Videopath’s Picks: ASOS goes interactive

This week’s Videopath Pick is from ASOS, an online fashion store in the UK. Directed by Pensacola Studio, the video has all the trappings of a classic fashion shoot: sweet amps, a synth, strutting models.

But behind the conventional fashion shoot backdrop, there’s a heavy dose of the fantastical.

The plot, insofar as there is one, revolves around a magic amplifier that — once plugged in– elevates the fashion shoot to an otherworldly level. A male model exits the scene by floating upwards. Two other models vanish with the point of a finger. Gravity is optional. The models move through the film set in a quest to unplug the amplification and return the shoot to  “normal.”

Interactivity adds the meta-surreal kick: the video’s viewers can toggle between five color options using a thin color selector bar on the video, to watch the same scenes play out in a different color. Once again, the models are subject to forces out of their control…this time, not because of the magic amplifier, but because the viewer has the power to change the model’s clothes and accessories at will. Like many other interactive videos, the final decisions about the video’s palette and story line are left for the viewer to decide, rather than the director.

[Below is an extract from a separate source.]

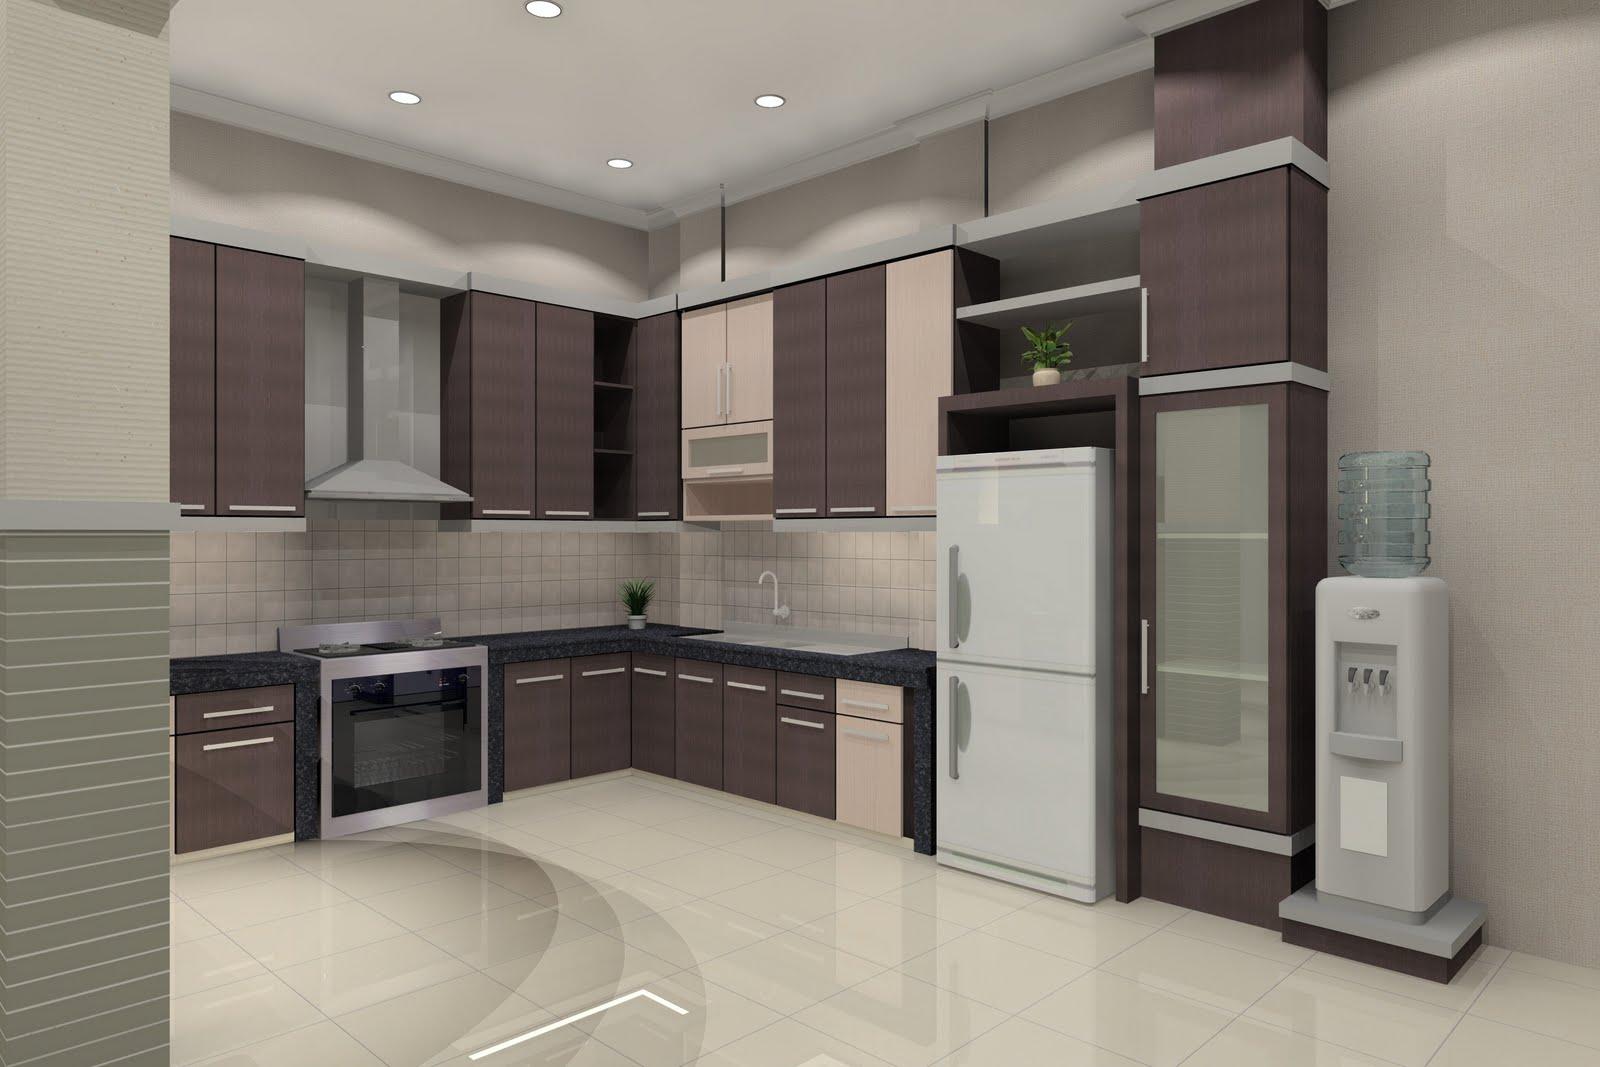 Gambar+Rumah+ +Dapur+Minimalis+Modern+3.1

But ASOS succeeds where other interactive videos haven’t. Unlike Honda’s interactive video, in which instructions on how to “interact” with the video appear on the screen, ASOS has found a more elegant way to introduce the viewer to their new interactive powers.

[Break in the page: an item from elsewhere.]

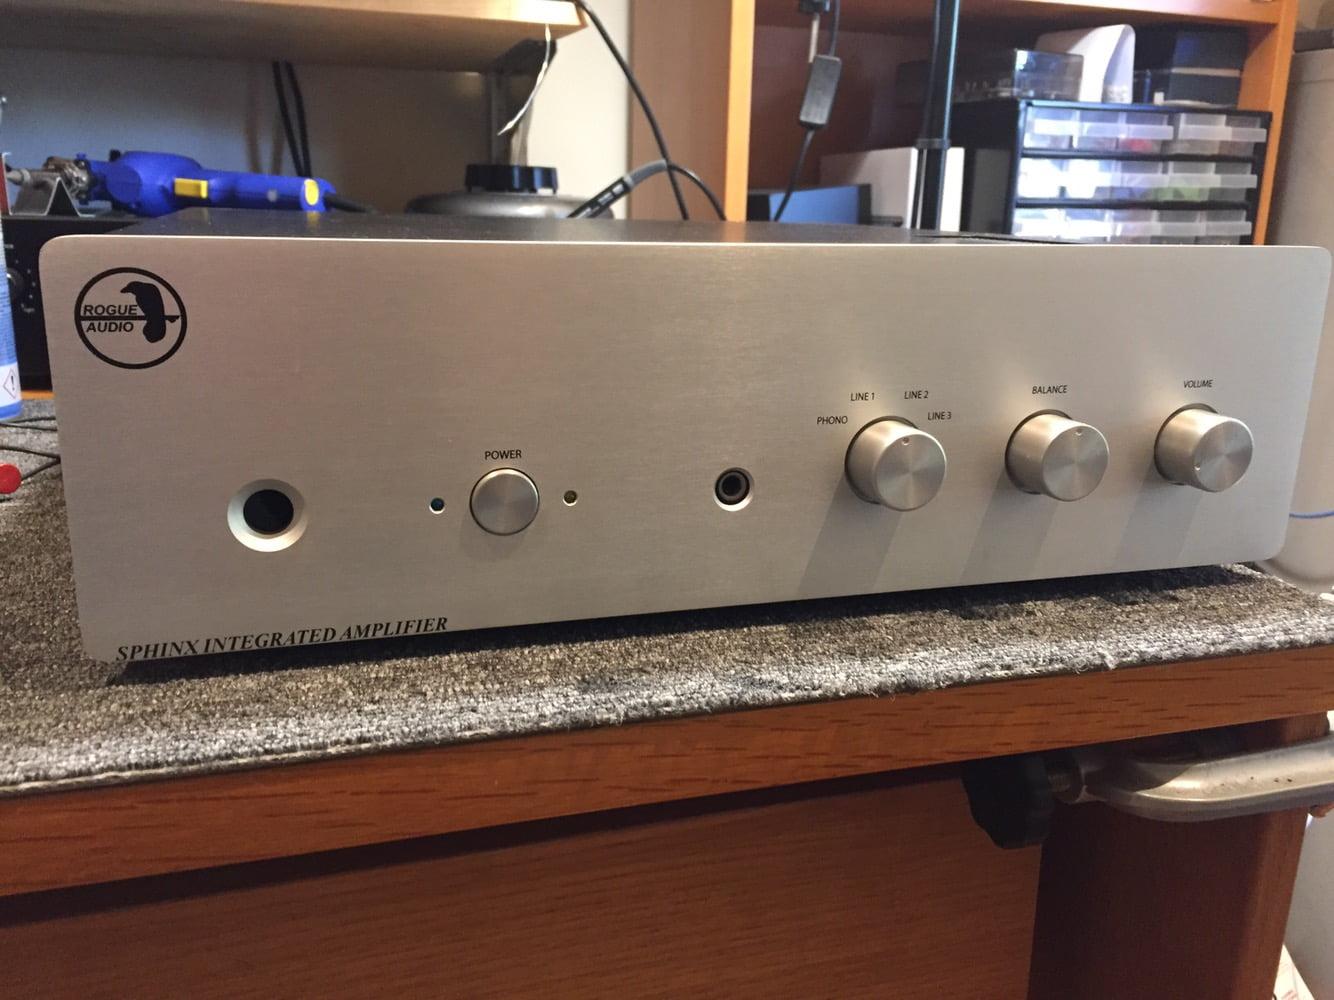 Rogue Audio Sphinx Integrated Amplifier Repair

Instructions appear on Honda’s video for how to interact with the video


mouse pointer
ASOS runs through all the interactivity options


The ASOS video subtly “introduces” the video’s interactivity to the viewer in the first seconds of the video, as an old school mouse pointer clicks through all the color options, providing a quick overview of each shoot’s beginning. In a field where interactive video often needs to explicitly explain its interactivity – ASOS goes farther than most videos by integrating interactivity into the video from both a conceptual and a user-experience perspective.